Griffin is born in 1948 in Birmingham, but grows up in Lye in the Black Country, a region that in those days got by on coal mining. As a twenty-year-old Griffin leaves to study photography at Manchester Polytechnic. The only things he learns there are – in his own words – “how to lose my virginity and smoke”. In 1972, as a comparatively outsider, he sets up a studio on the banks of the Thames, in the London area of Rotherhithe. He starts working for business magazine Management Today and learns the tricks of the trade. When at the end of the seventies the economy shrinks, he takes his portfolio to the offices of the legendary Stiff Records company. In the following decennium, Griffin comes to blossom as the foremost visual storyteller of the New Wave, Post-punk and New Romantic movements.
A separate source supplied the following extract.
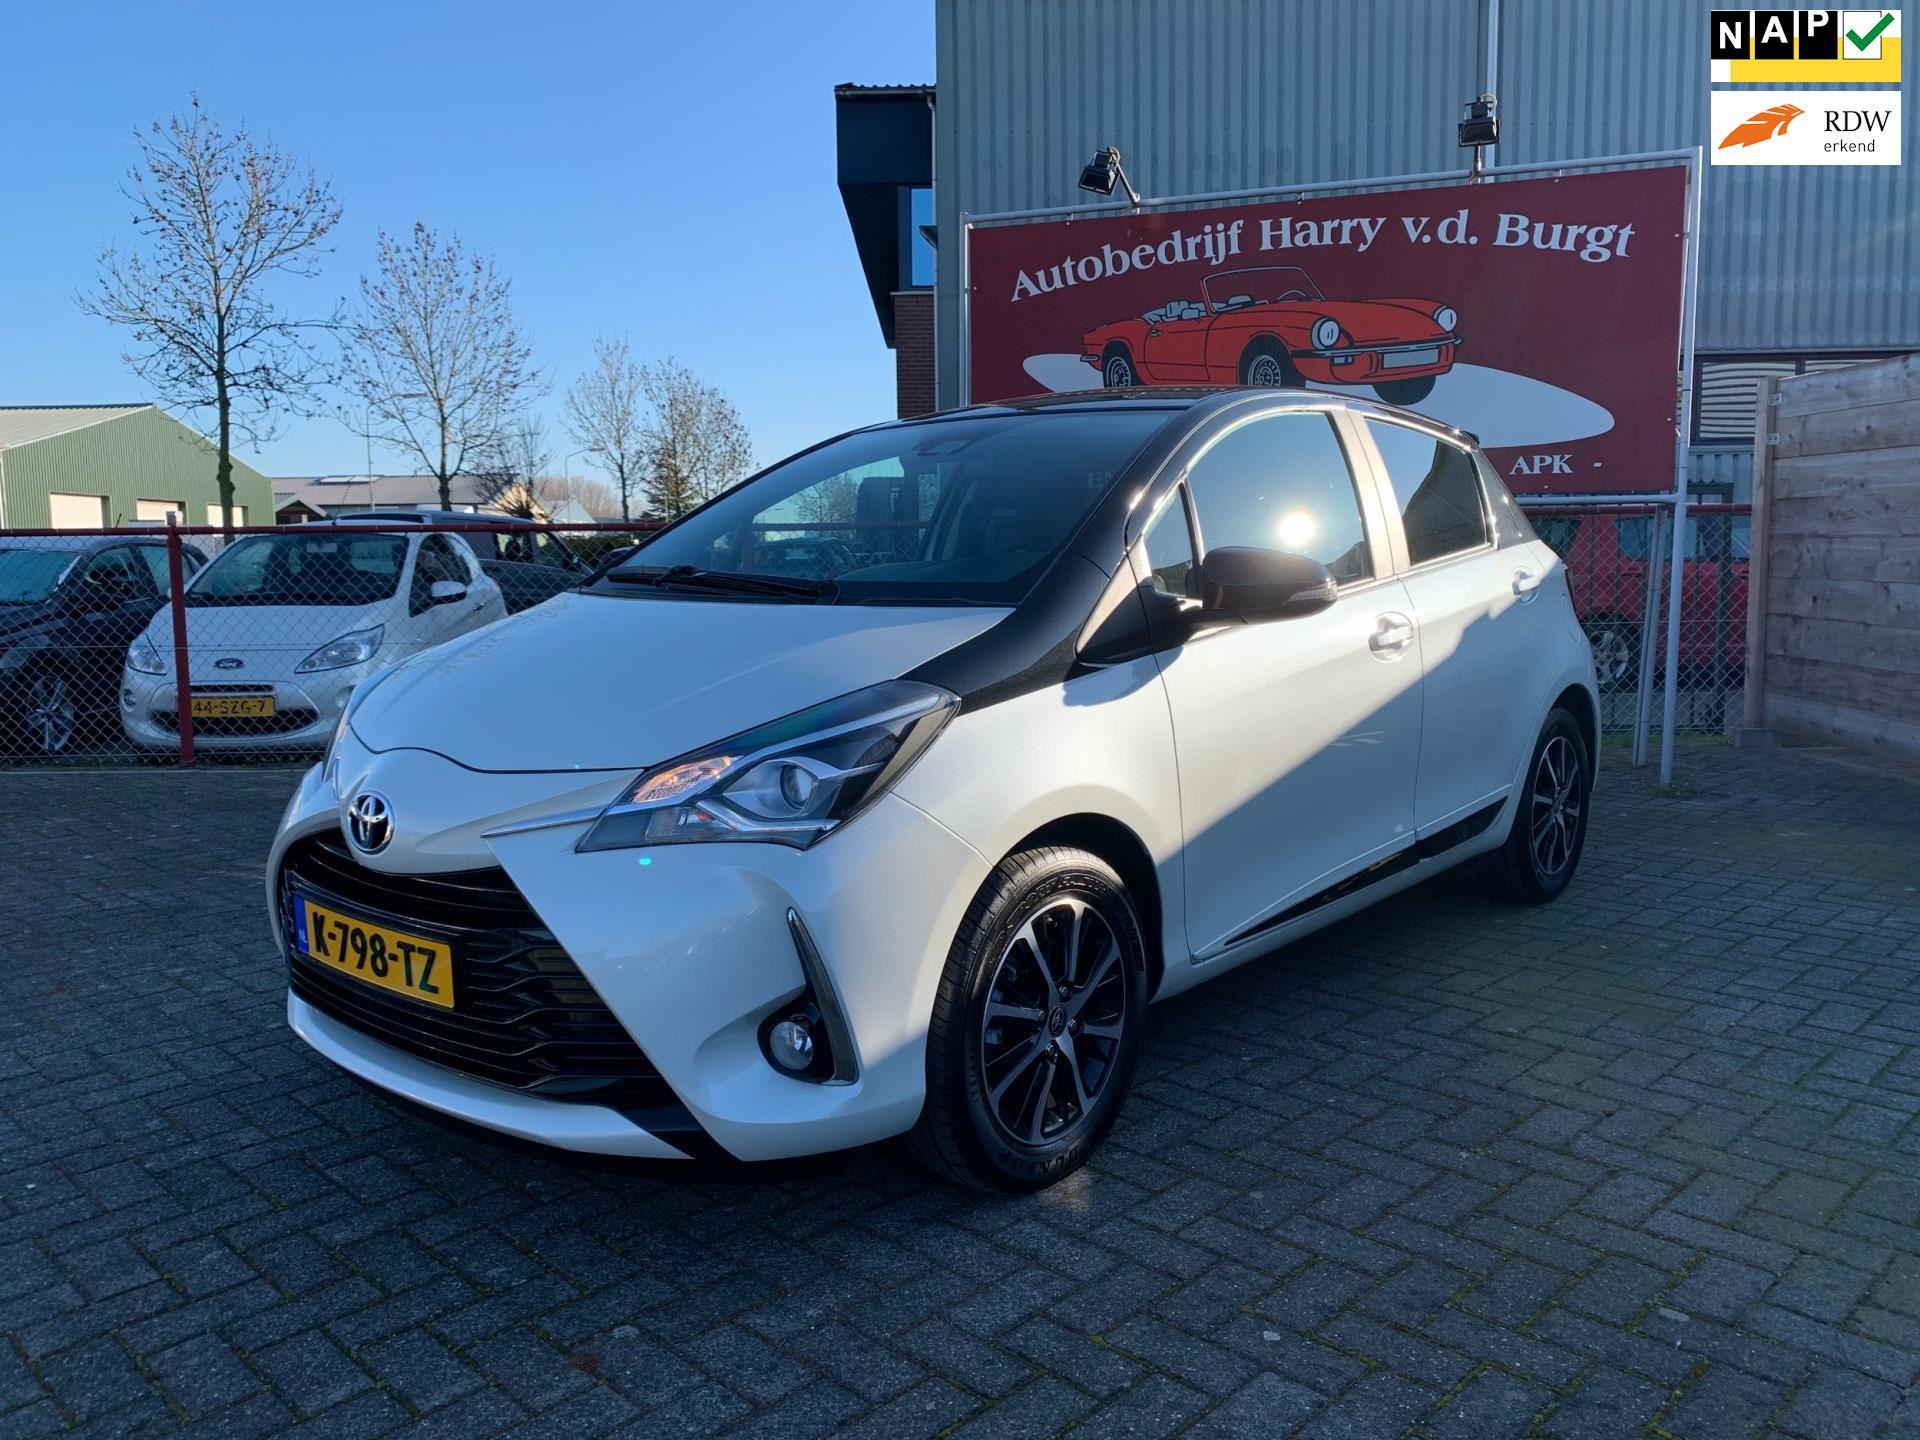 Toyota Yaris occasion - Autobedrijf Harry van der Burgt

Photographing the cover of Joe Jackson’s Look Sharp means his great breakthrough in the music scene. Ian Dury, The Clash, Depeche Mode, Echo & the Bunnymen, Iggy Pop, Kate Bush, The Specials, Siouxsie and the Banshees, Elvis Costello and countless other stars appear before Griffin’s lens. Almost all iconic LP-sleeves from the eighties are by him, and the artwork for Depeche Mode’s A Broken Frame is still regarded as one of the most beautiful album covers ever made. In 1989 The Guardian declared him the “Photographer of the decade” and in 2005 the British Journal of Photography called Griffin “the most unpredictable and influential British portrait photographer”.

Griffin has published more than twenty books, had more than fifty solo-exhibitions worldwide and you’ll find his work in the collections of, amongst others, the Victoria & Albert Museum in London, The Arts Council of Great Britain in London, Art Museum Reykjavik in Iceland and the Mast Foundation in Bologna. At the beginning of the nineties Griffin’s focus shifts from photography to the film camera, and he dedicates himself to music videos, advertisement and portraits of famous people like Helen Mirren, Vivienne Westwood, Damien Hirst, Sebastian Coe and Jonathan Ross.

He still lives and works in London.

In his book ‘POP’, that appeared November 2017, the English photographer brought together a compilation of his best work: more than 160 album and single sleeves, posters, and press pictures for more than 100 bands and artists. Many of these were never published before. Noorderlicht Photo Gallery shows work from the collection of Brian Griffin – emphasizing on the book ‘POP’ – and a selection of his music videos. Also a Behind the scenes film from 1984 is shown (Folio, Anglia Television).